The seller had listed his RV as being in excellent condition. How many questions could there be to ask?

Here’s Kelly Blue Book’s description of excellent condition:

  • Excellent condition means that the vehicle looks new, is in excellent mechanical condition and needs no reconditioning. This vehicle has never had any paint or body work and is free of rust. The vehicle has a clean Title History and will pass a smog and safety inspection. The engine compartment is clean, with no fluid leaks and is free of any wear or visible defects. The vehicle also has complete and verifiable service records. Less than 5 percent of all used vehicles fall into this category.

Wow. Excellent condition sets a pretty high bar. Unfortunately my visit took that bar and chucked it into the Grand Canyon.

So we pulled up to look at the RV in Nashville, Tn. The man selling it was waiting for us, but said his driver was late. His driver? This guy never even drove this thing?


The Monaco Diplomat we were looking at.

Apparently, he knew nothing about the RV. He just let his driver valet him and his country music clients to events.
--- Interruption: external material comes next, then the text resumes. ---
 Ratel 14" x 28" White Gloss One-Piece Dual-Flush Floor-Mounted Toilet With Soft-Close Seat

That was problem #1. The seller had no clue on RV maintenance and who knows if his driver ever even took care of it.

True, you can sometimes find better deals if the owner knows nothing about what they are selling, but I’ve found that to cause more problems than it is worth. It’s better to find an owner that knows what they are doing, but realizes they are giving you a deal because they need the RV sold.

It’s better to find an owner that knows what they are doing, but realizes they are giving you a deal because they need the RV sold.
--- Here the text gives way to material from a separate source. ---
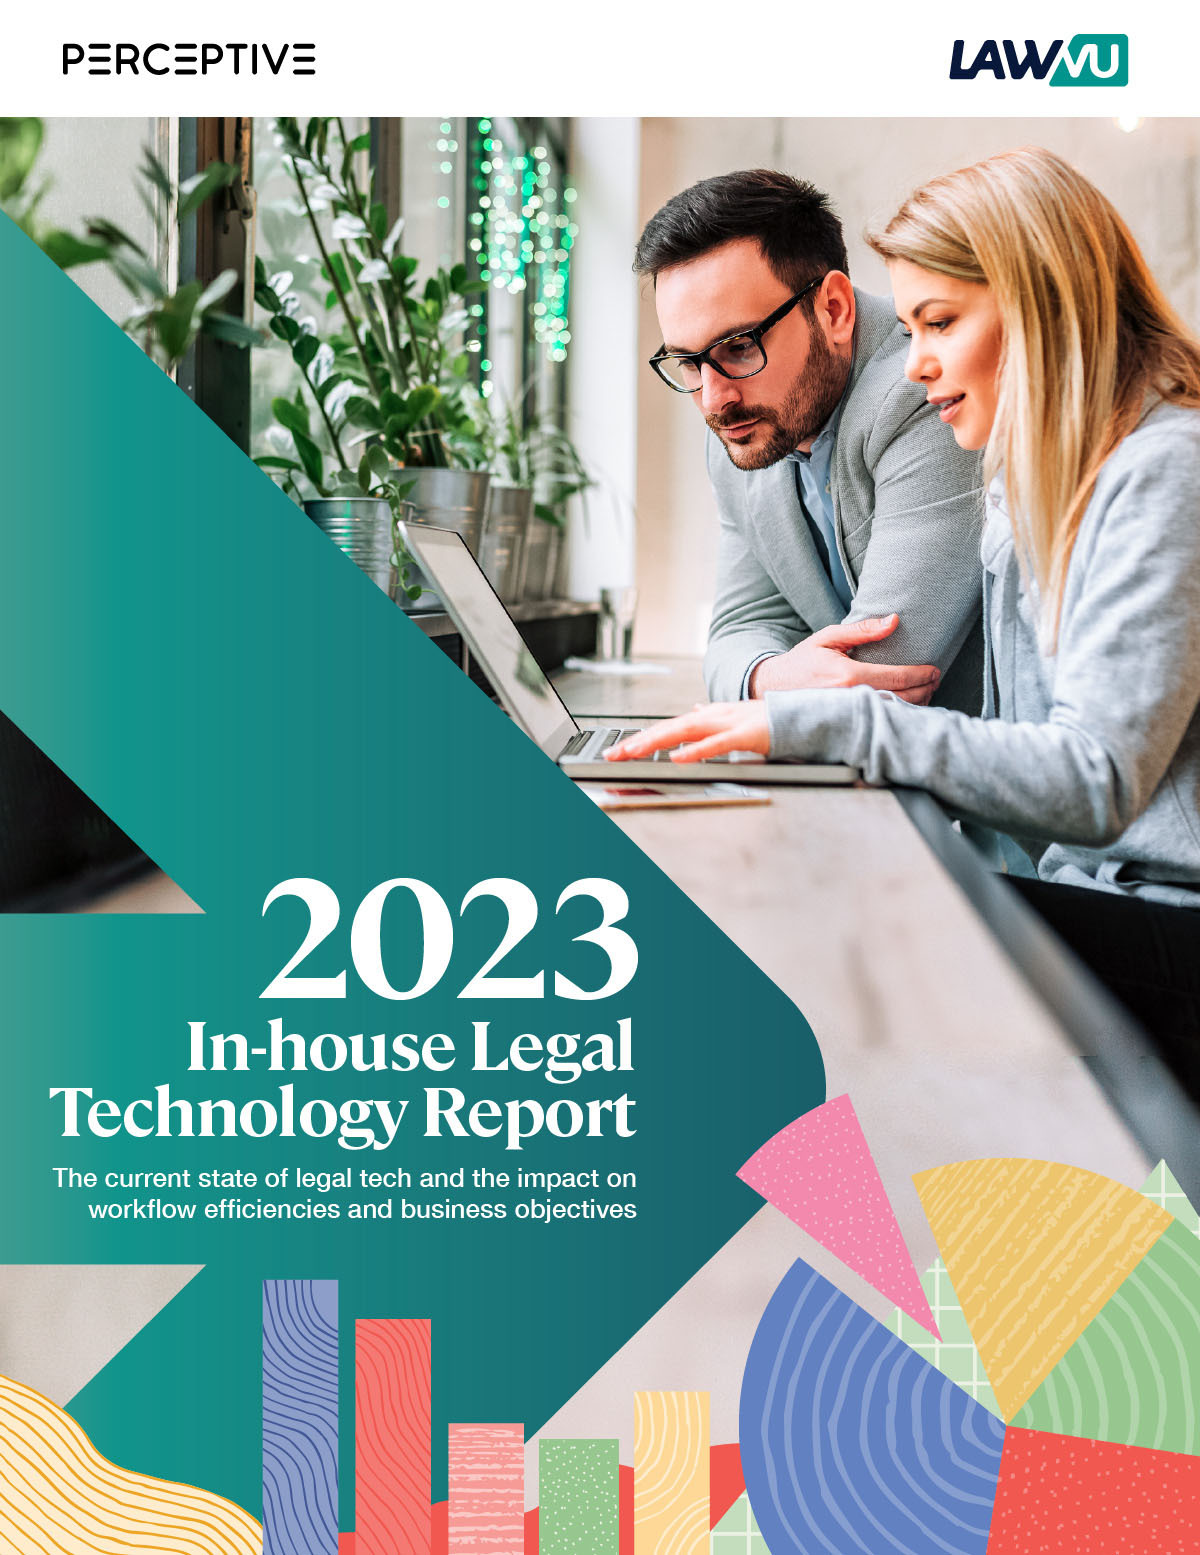 Introducing The 2023 In-house Legal Technology Report

As I walk up to the motorhome I can quickly see see it was stored outside from the faded paint. There were also dents, scratches, rust, you name it. I walked on the roof and there were cracks all around the roof sealant. This thing was a Mona Lisa. It looked great as we were pulling in with the car, but once I got closer, it was a huge mess.

The inside of the RV was no better. I could see where one of the slides had gotten hung coming in and a parts of the wood had broken off. The slide had also leaked at some point because there was evidence of water damage inside the walls.

The carpet was ripped up in the cockpit area, there were cracks in the tiles, but the back bedroom was the worst…

This was apparently party central for the clients he was driving around. The giant mirrored closet that spanned the back part of the RV  had been shattered and was just waiting to fall on the ground in pieces. Someone had obviously been thrown into it.

The carpet was almost too disgusting to walk on. There were so many stains of different colors, it was hard to tell what the original color was. On the side of the bed there was supposed to be a wooden night stand. It was ripped out.

As an added mechanical bonus, there were cobwebs and rust around many of the mechanical areas and the water heater was busted so water spewed out when we tried to test the water.

I think you get the point. The seller’s idea of excellent was not exactly my idea, or Kelly Blue Book’s idea of excellent.

We walked away from this 5 year old high-end Newmar diesel pusher shaking our heads. Luckily, we had only driven an hour and a half, but asking the right questions still could have saved us time before we made the trip.

Some sellers are dishonest. Some are naive. I believe this seller one was a combination of both. Regardless, you need to protect your time and your pocketbook so here are a few questions you can ask on the phone, text or email.

These are not the only questions to ask, but they are the ones  that have helped me discover whether or not (1) the seller knows their rv (2) the seller is honest and (3) the RV worth the drive if it’s not close.

Are you the only owner of the RV? 
I usually start with this one because it paints one of the broadest strokes on whether or not this RV has red flags. If the RV is 8 years old and has only had one owner, that is a great sign. If it is two years old with 3 owners, that is a red flag.

There are lots of reasons an RV could have changed hands quickly and had nothing wrong with it, but I would still keep my ears up.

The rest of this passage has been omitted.